Repository Architectures (OPTIONAL) Assignment
Assignment OPTIONAL: Repository Architectures
Most of us will never design a new data curation system from the ground up. We will, by and large, develop on top of existing software platforms that provide basic features. This means we can focus our time and attention on configuring these architectures to meet our specific needs.
There are many existing open-source data repositories from which we can choose. However, deciding between different repository platforms can be a daunting task. We have to balance time, skills, user needs, and the requirements for both hardware and other related software.
In this exercise we’ll try to use some basic criteria to profile the software underlying a repository platform, and then decide which repository we feel might ultimately be best for our data collections.
Side note - many of you will not need to evaluate a repository for the sake of your protocol, but this is a handy skill to practice so may still be worth your time.
For this exercise you can chose between four repository platforms.
- CKAN - by the Open Knowledge Foundation Demo
- Dataverse - by Harvard University Demo (see in particular this introduction
- Samavera - by a consortium of University Libraries and Cultural Heritage Institutions
- Fedora - by the DuraSpace consortium.
Evaluation criteria
In order to evaluate a repository we need clear criteria about what makes one more suitable to our users’ needs than any other.
Here is an example of a profile I created for the Qualitative Data Repository when our advisory board needed a simple explanation of why the technical team would invest a year of time and money into switching from one repository software platform (Fedora) to another (Dataverse).
In general we can evaluate a repository in two ways:
- Profiling the software that underlies a repository system: The underlying software for a repository can be thought of as the “repository architecture” (and is sometimes colloquially called the “repository stack”). An architecture typically consists of all the different components that are needed to realize the repository. An architecture typically includes an operating system, a server application, a database, a search engine, and a set of protocols that allow for data to be transferred between different components of the architecture. For example - the list below is the Dataverse architecture:
- Linux: RHEL/CentOS is highly recommended since all development and QA happens on this distribution.
- Glassfish: a Java EE application server to which the Dataverse application (war file) is to be deployed.
- PostgreSQL: a relational database.
- Solr: a search engine. A Dataverse-specific schema is provided.
- SMTP server: for sending mail for password resets and other notifications.
- Persistent identifier service: DOI and Handle support are provided. Production use requires a registered DOI or Handle.net authority.
- Creating user stories / use cases to understand what expectations our users might have about a repository.

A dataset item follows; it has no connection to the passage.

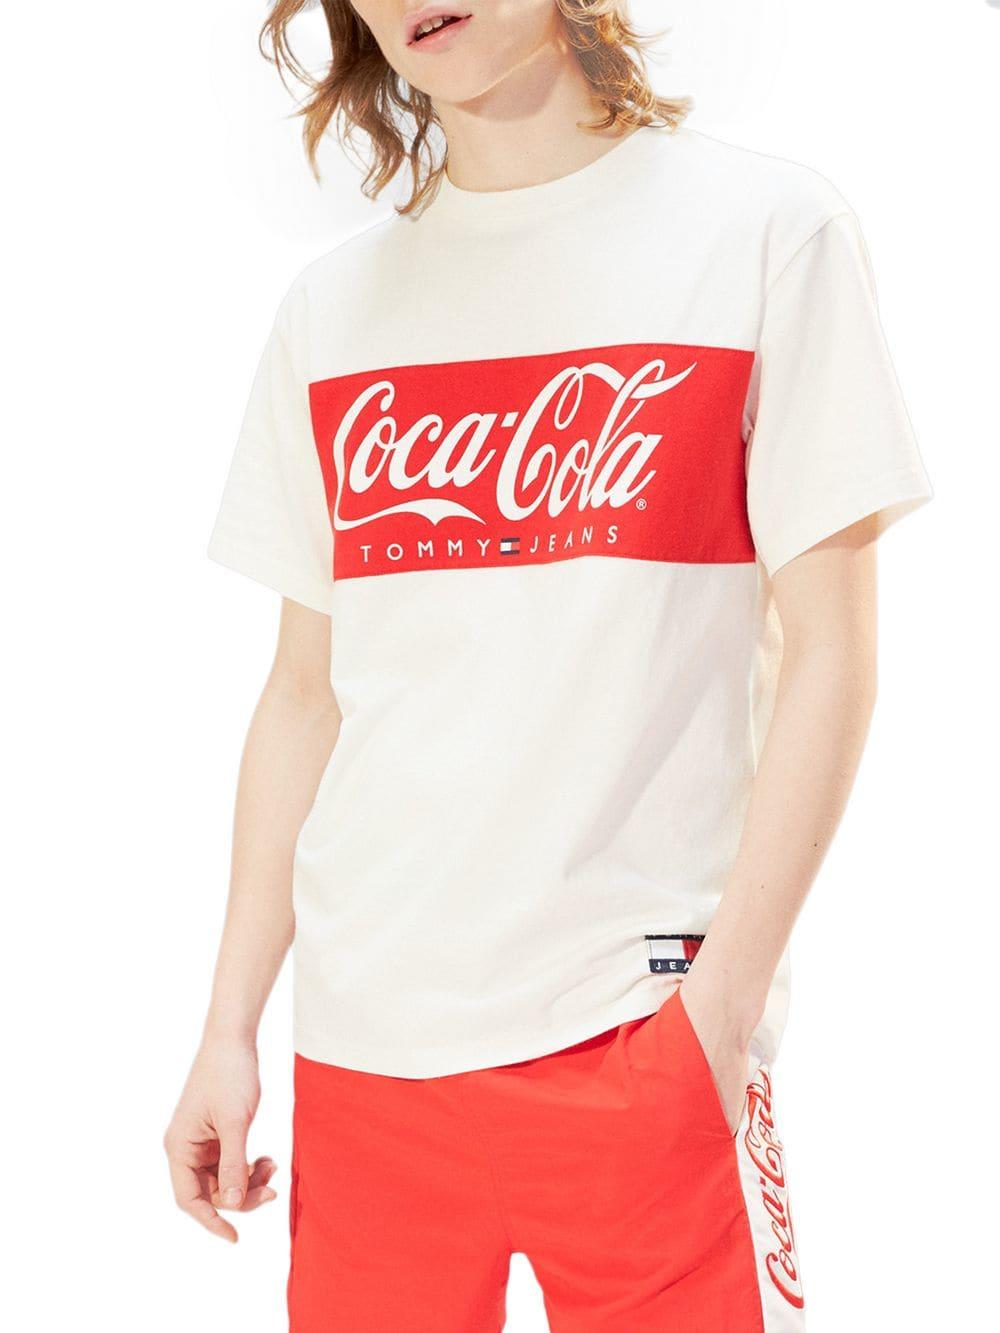 Tommy Coca Cola Shirt Deals, 53% OFF | a4accounting.com.au

We have previous completed exercises on these more “user centered” techniques - so for now we will focus our time and attention on evaluating the underlying software of a repository.
In choosing a repository platform we should try to find the right balance between software (and our own skills) and user needs (or how well the software meets those needs).
Profile
Here is a template you can use when starting to evaluate a new repository platform:
Platform-Name
- Who are the producers of the repository?
- What is the license of the repository’s software?
- What are the hardware requirements of the repository?
- What are the related software requirements of the repository (in other words - what is its architecture)?
- What is the current release or version number that is available for download?
- How often are releases made available?
- How do repository developers report an error or bug found in a release?
- How many people are using the repository? What kinds of data do they curate?
- How is the software modified by those users? (e.g. are there plugins or extensible libraries?)
- What type of data is typically stored in the repository? Does the architecture afford any special features for particular kinds of data (e.g. geospatial data repository software might have a map plugin)
- How customizable is the metadata for the repository? Can new application profiles be easily created and implemented?
- Is the repository interoperable with other types of repositories? (e.g. Does the repository have an easily accessible API?)
Major Strengths:
Major weaknesses:
Overall Assessment:
Late Policy
- All assignments are due at 11:59 PM Pacific Time unless otherwise noted.
- If you cannot meet a deadline please get in touch with me 24 hours in advance of the due date to request an extension. - I have a "no questions asked" policy on extensions. I will not ask you to share the personal reasons why you need an extension, but if you would like to share with me for any reason please feel free. I am available listen.
- If you have not made arrangments with me, all late work will be automatically penalized 10% of the final grade of the assignment (e.g. If you would have received a 100% you will receive a 90%.) and will incur a 10% penalty for each additional day that the assignment is not complete.
- For those of you working in groups, please remember that your group members will be negatively impacted by any unexcused lateness on your part.